President, the point of your speech is that each of us should take personal responsibility for our
own futures. Yet you continue to push for a socialized health-care system which
would transfer the responsibility for quality and payment from individuals to
the government. That's the opposite of personal responsibility. Moreover, you
oppose tort reform, private-market initiatives to give us more choices, and the
creation of health-savings accounts. All of those would cut costs, improve
quality and give each of us a powerful financial incentive to manage our own
health-care more wisely. How do you explain this inconsistency?
2.
In
your autobiography, Dreams From My Father,
you state that you broke the drug
laws repeatedly as a teenager and young adult, Quoting you on page 92:
"Pot had helped, and booze; maybe a little blow when you could afford it. Not
smack, though. . . ." ("Blow" is a slang term for cocaine.) Your book does not
include a shred of remorse or repentance over that past drug use, nor did you
turn yourself in for prosecution and rehabilitation. In contrast, our parents
and schools bend over backwards to urge us NOT to take drugs.
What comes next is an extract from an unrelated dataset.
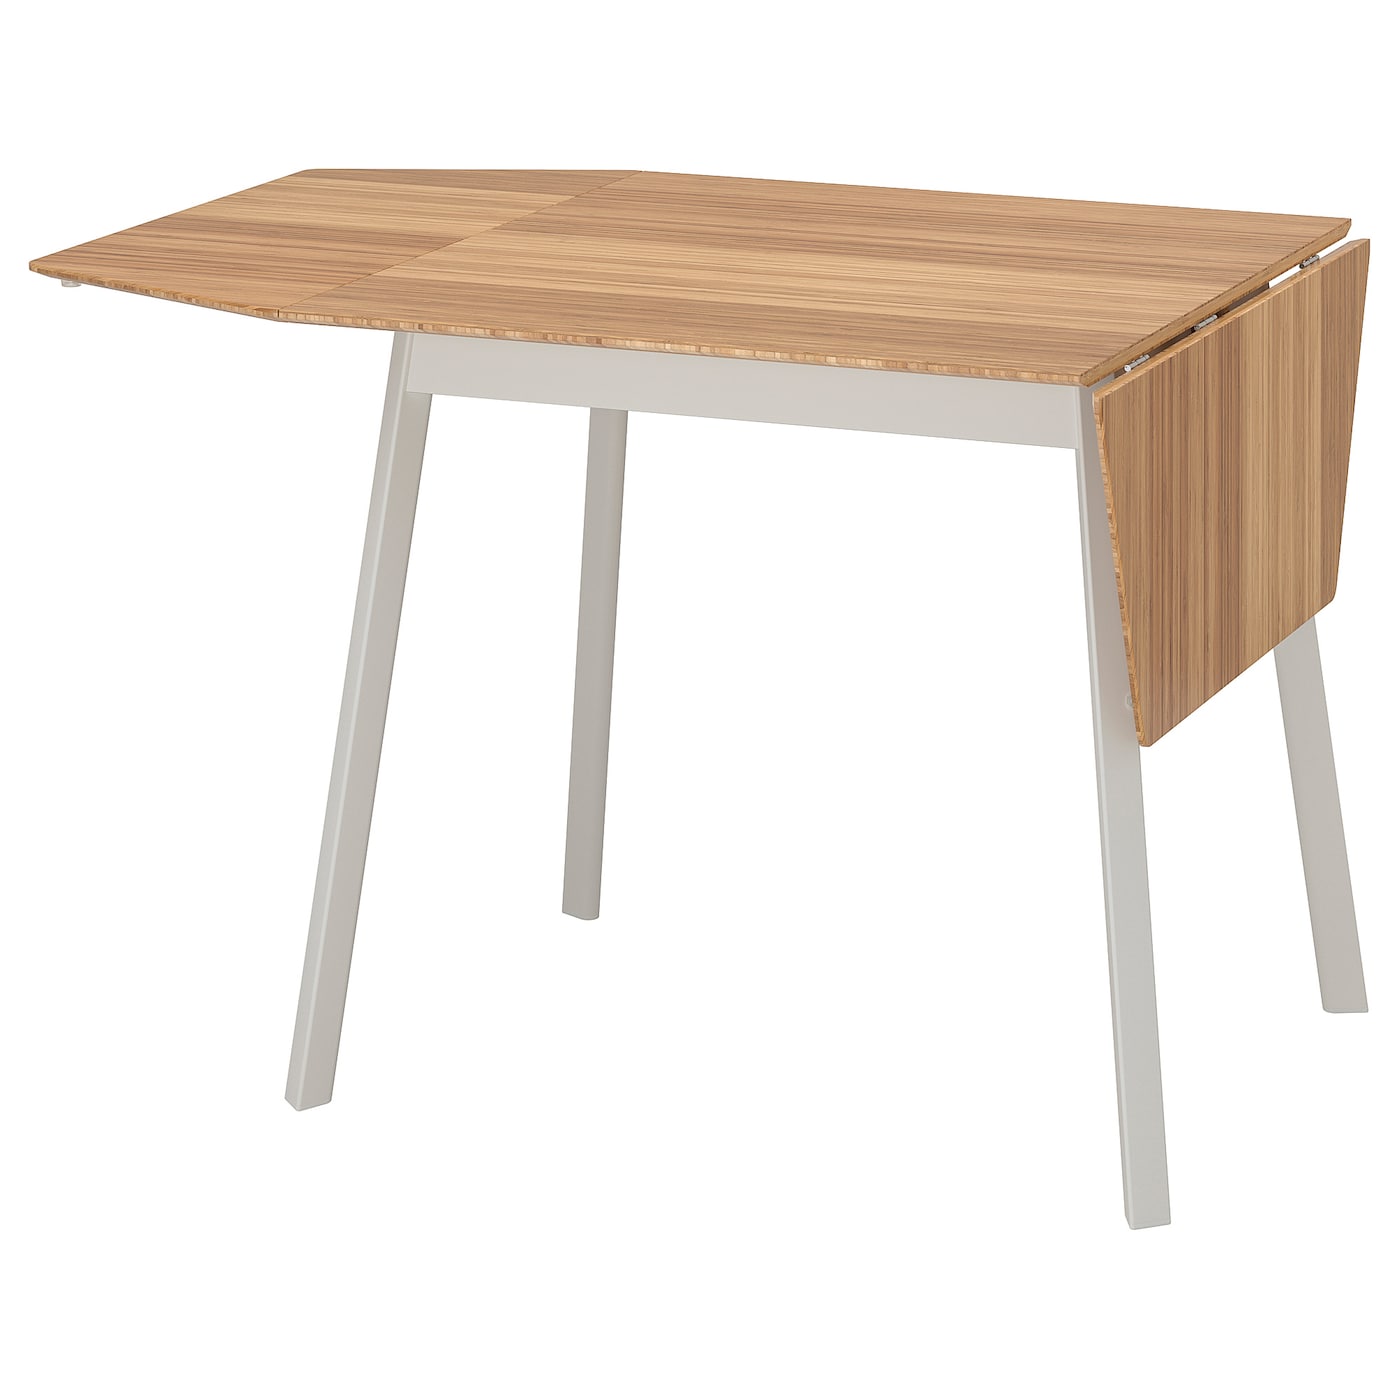 Столик откидной - IKEA PS 2012, 74/106/138x80 см, бамбук/белый, ПС 2012 ИКЕА

So why should we
listen to you for advice on taking personal responsibility for our own
behavior?
3.
You
say you want kids to work hard in school and do their homework diligently.
Let's look at the basic 3 R's, starting with reading. You have admitted that you have not read the bills
that you and your Administration are pushing, including the health-care bill
that is now being debated. You don't understand the details, nor grasp the
implications. It was the same way with the stimulus spending bill. What kind of
an example does that set for students?
4.
The
second basic academic skill, writing,
almost always carries a rule in school, that students are not to use curse
words in any form or fashion, or they will be punished or suspended. The idea
is to train students to express ideas well, without resorting to the shock
value of profanity, which degrades both the writer and the reader. Yet in your
autobiography, these words appear: "f*cking," "b*tch," "sh*t," "motherf*cker,"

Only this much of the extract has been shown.